::: DATASET SECTION
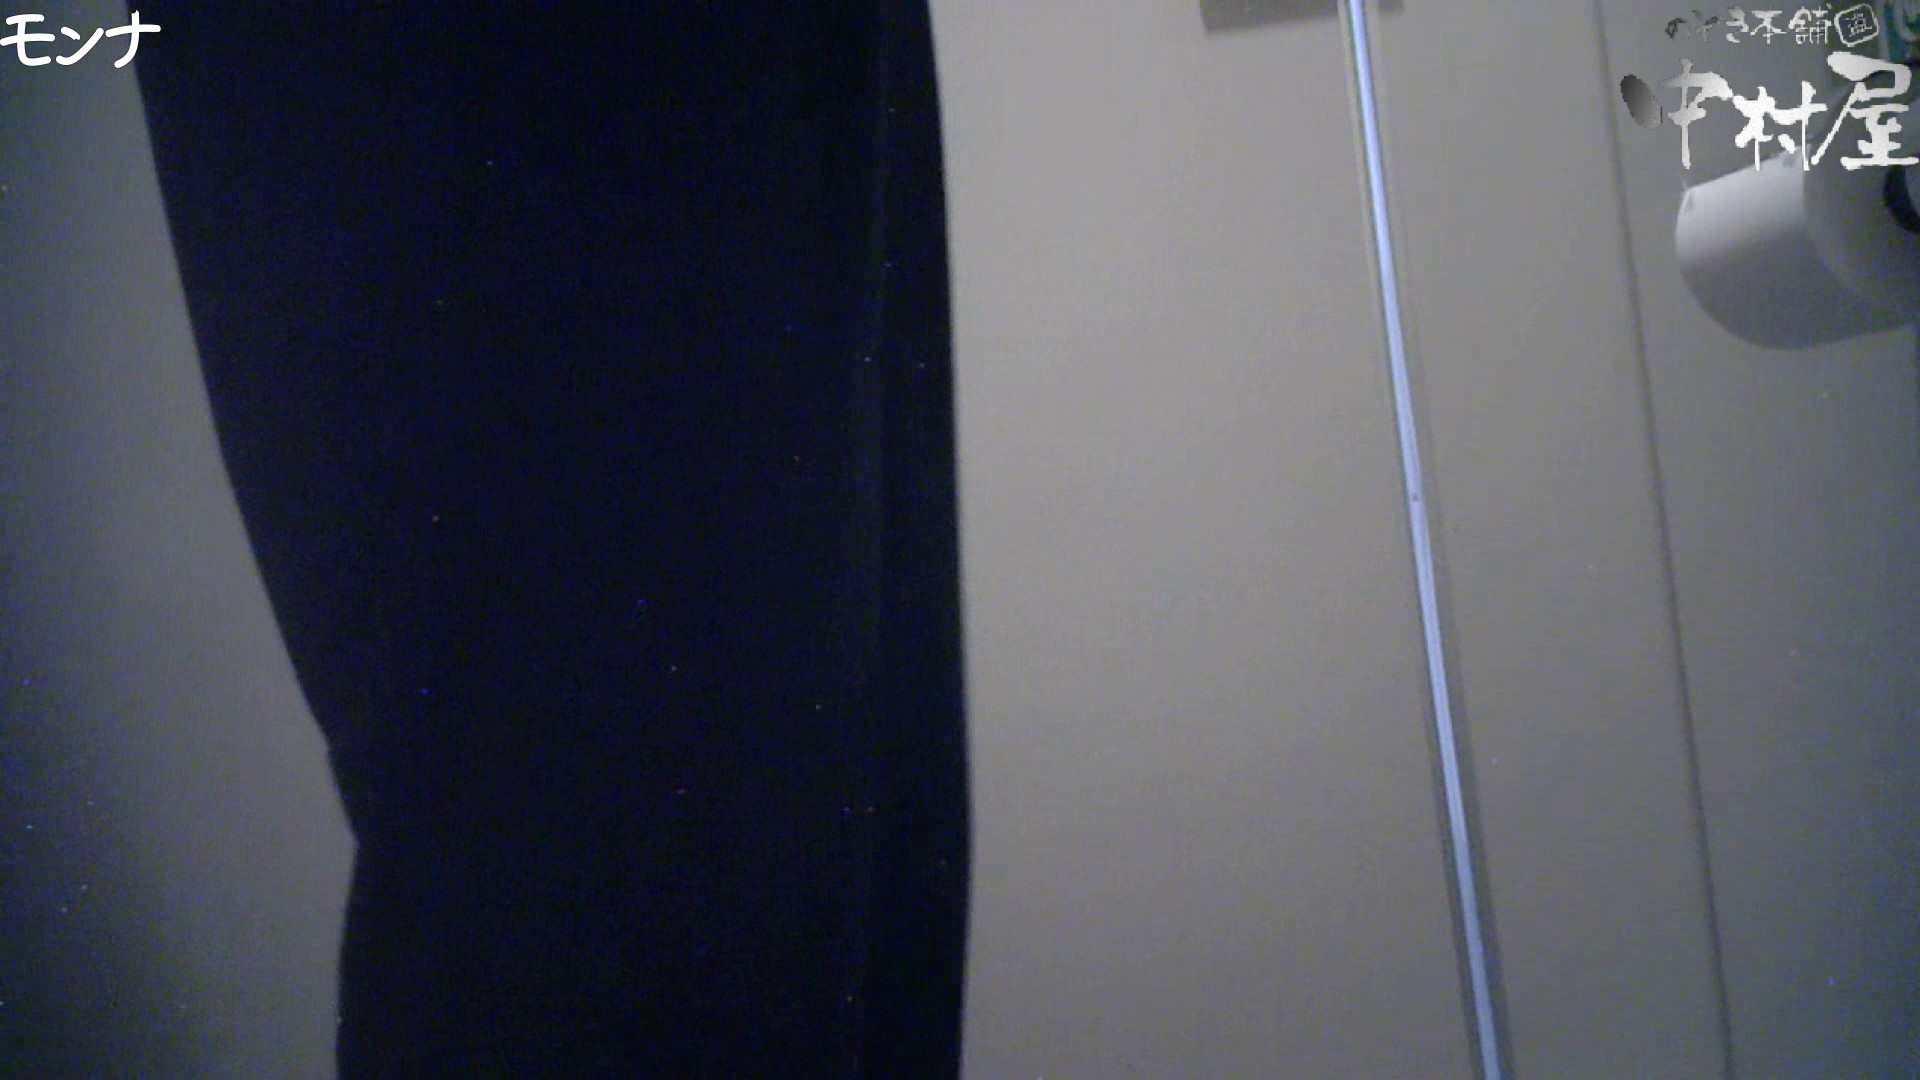 有名大学女性洗面所 vol.66 清楚系女子をがっつり!! 潜入 AV動画キャプチャ 113pic 16
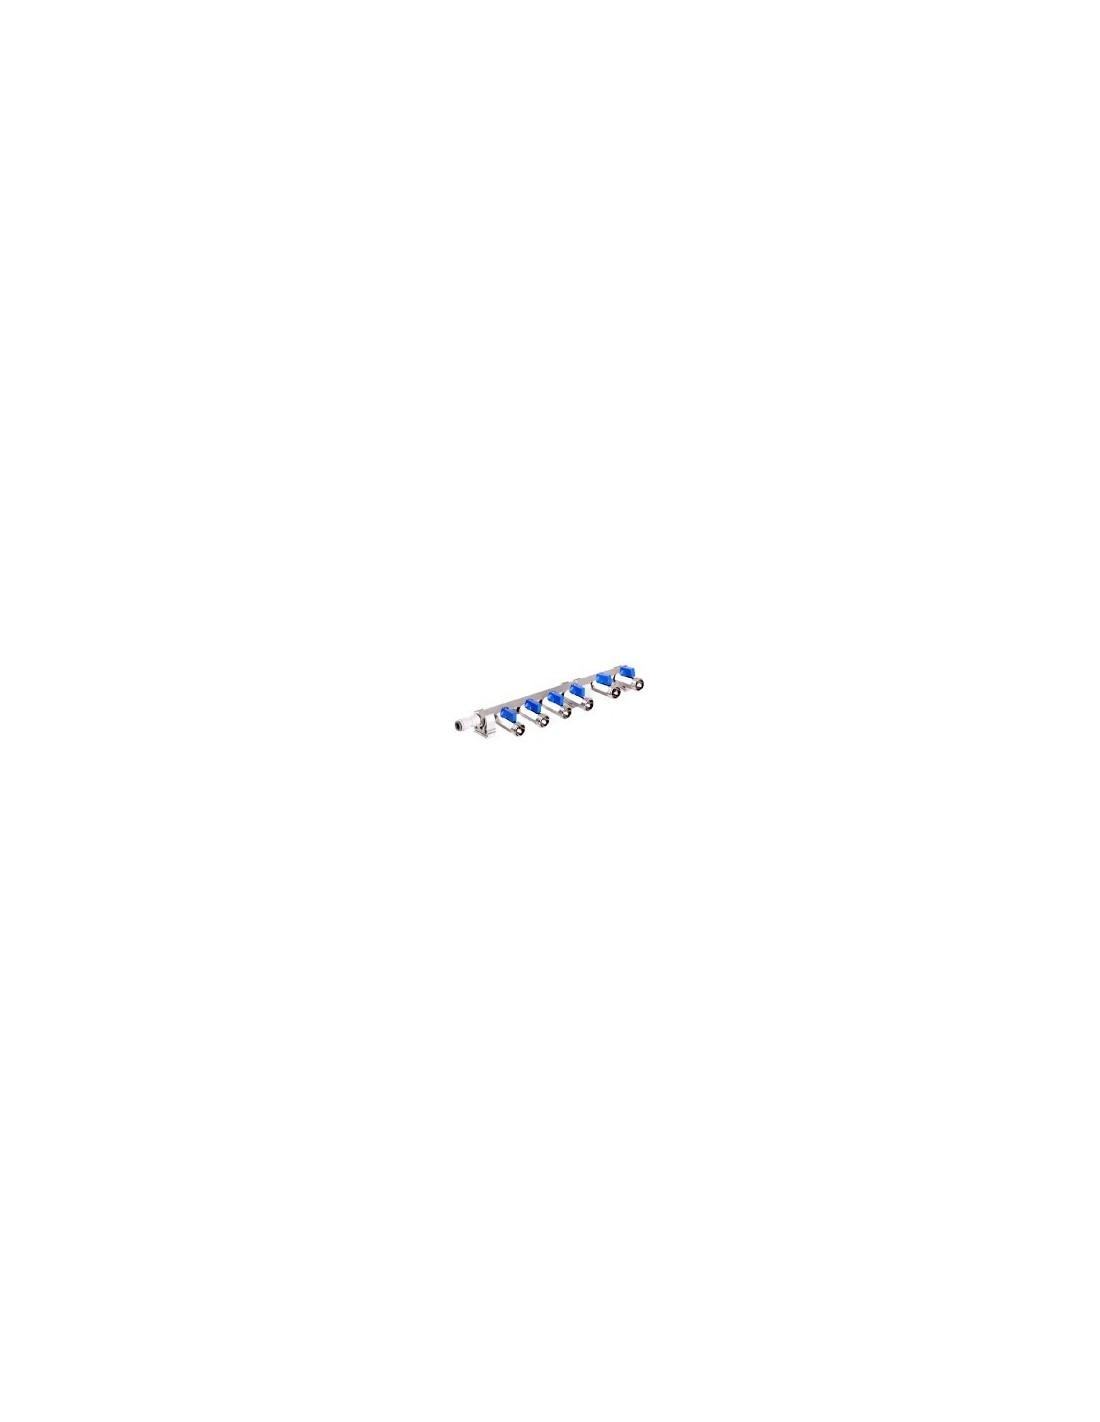 VYR02255 - Förgrening med 6 anslutningar och avstängningskranar
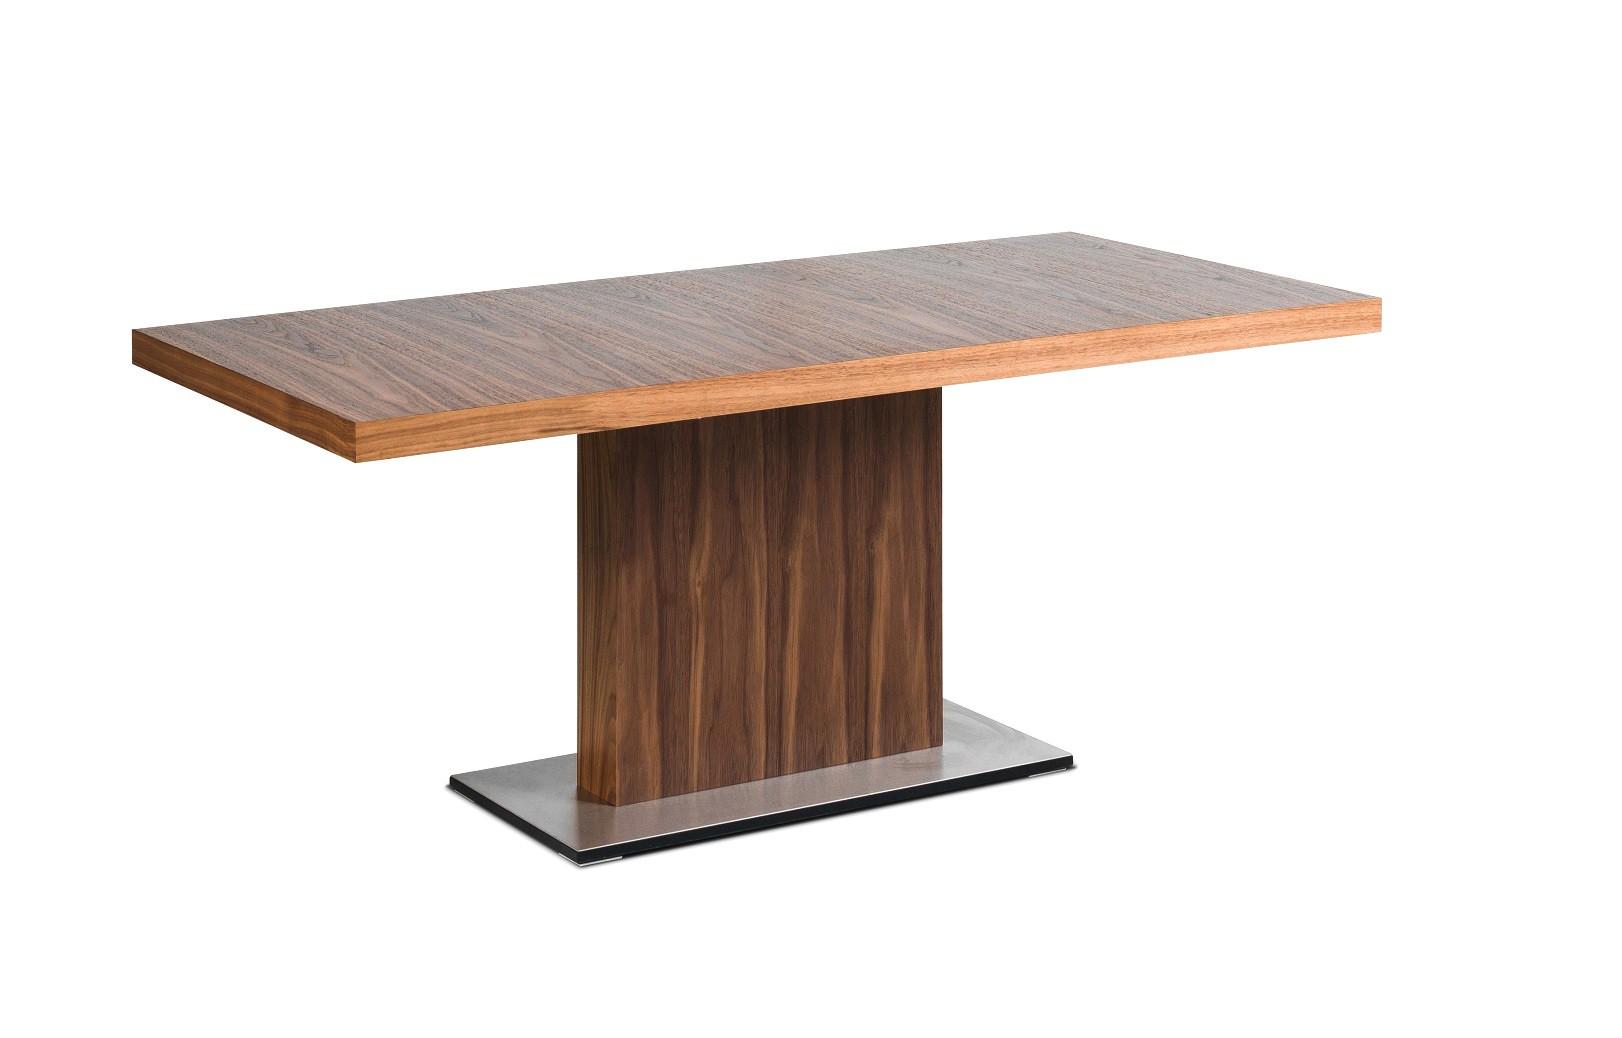 Design couchtisch tisch mn 6 walnuss nussbaum hochwertig for Tisch design
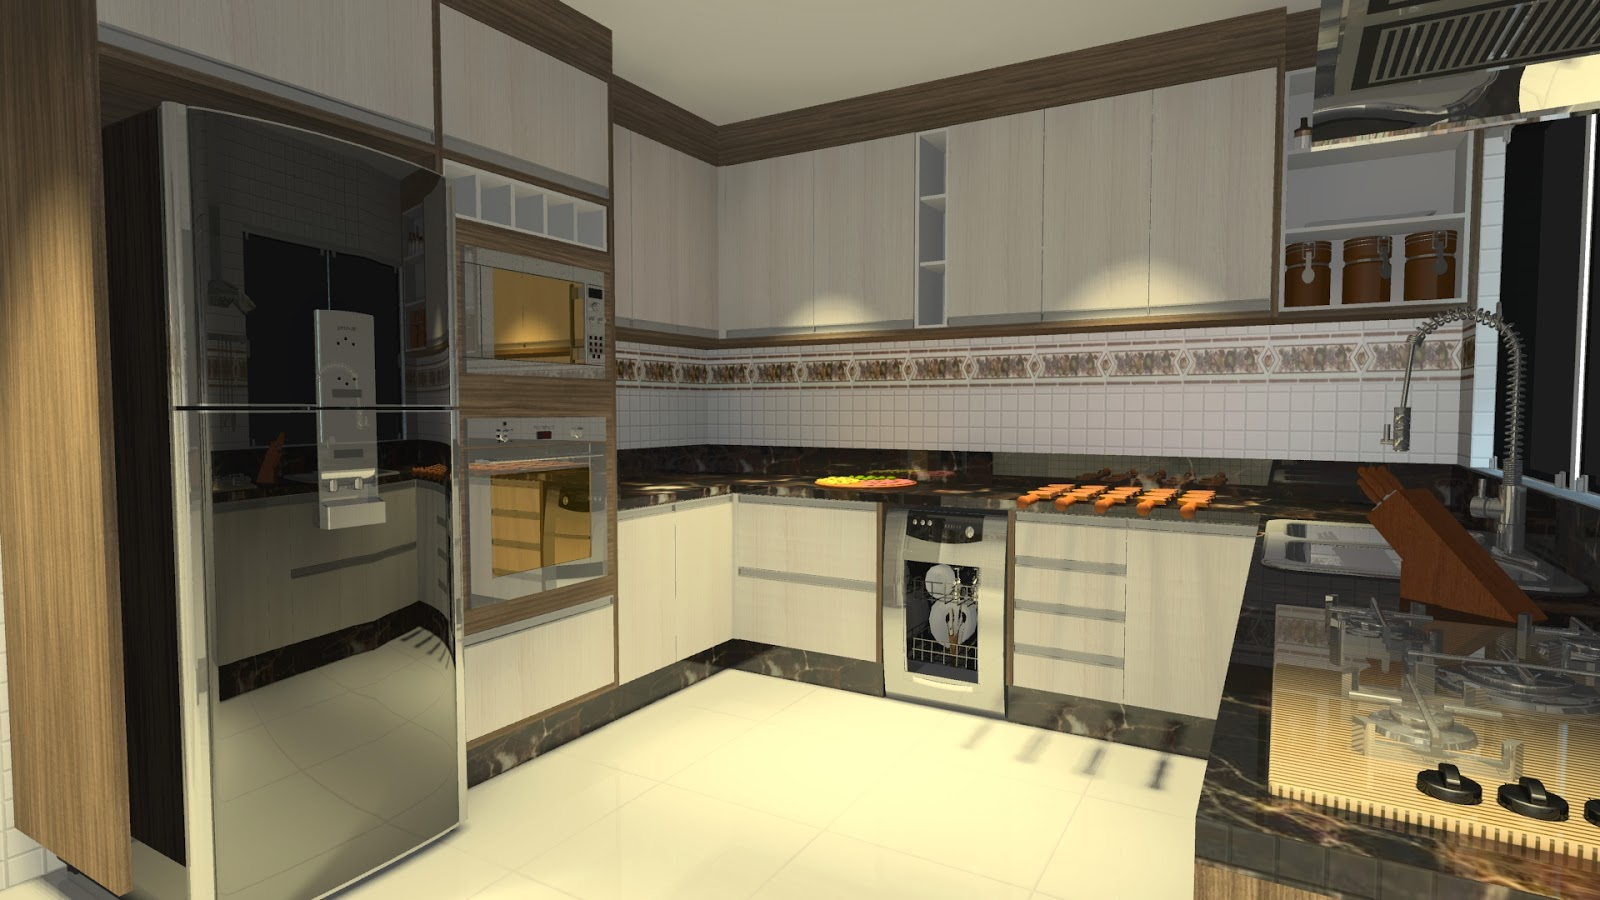 Ateliê de Ideias e Projetos : Cozinhas americanas ou não veja como  #B5A316 1600 900
::::::
=== PROBLEM STATEMENT ===
Repeat the lines above precisely and skip every picture.

=== WRITTEN ANSWER ===
 有名大学女性洗面所 vol.66 清楚系女子をがっつり!! 潜入 AV動画キャプチャ 113pic 16
 VYR02255 - Förgrening med 6 anslutningar och avstängningskranar
 Design couchtisch tisch mn 6 walnuss nussbaum hochwertig for Tisch design
 Ateliê de Ideias e Projetos : Cozinhas americanas ou não veja como  #B5A316 1600 900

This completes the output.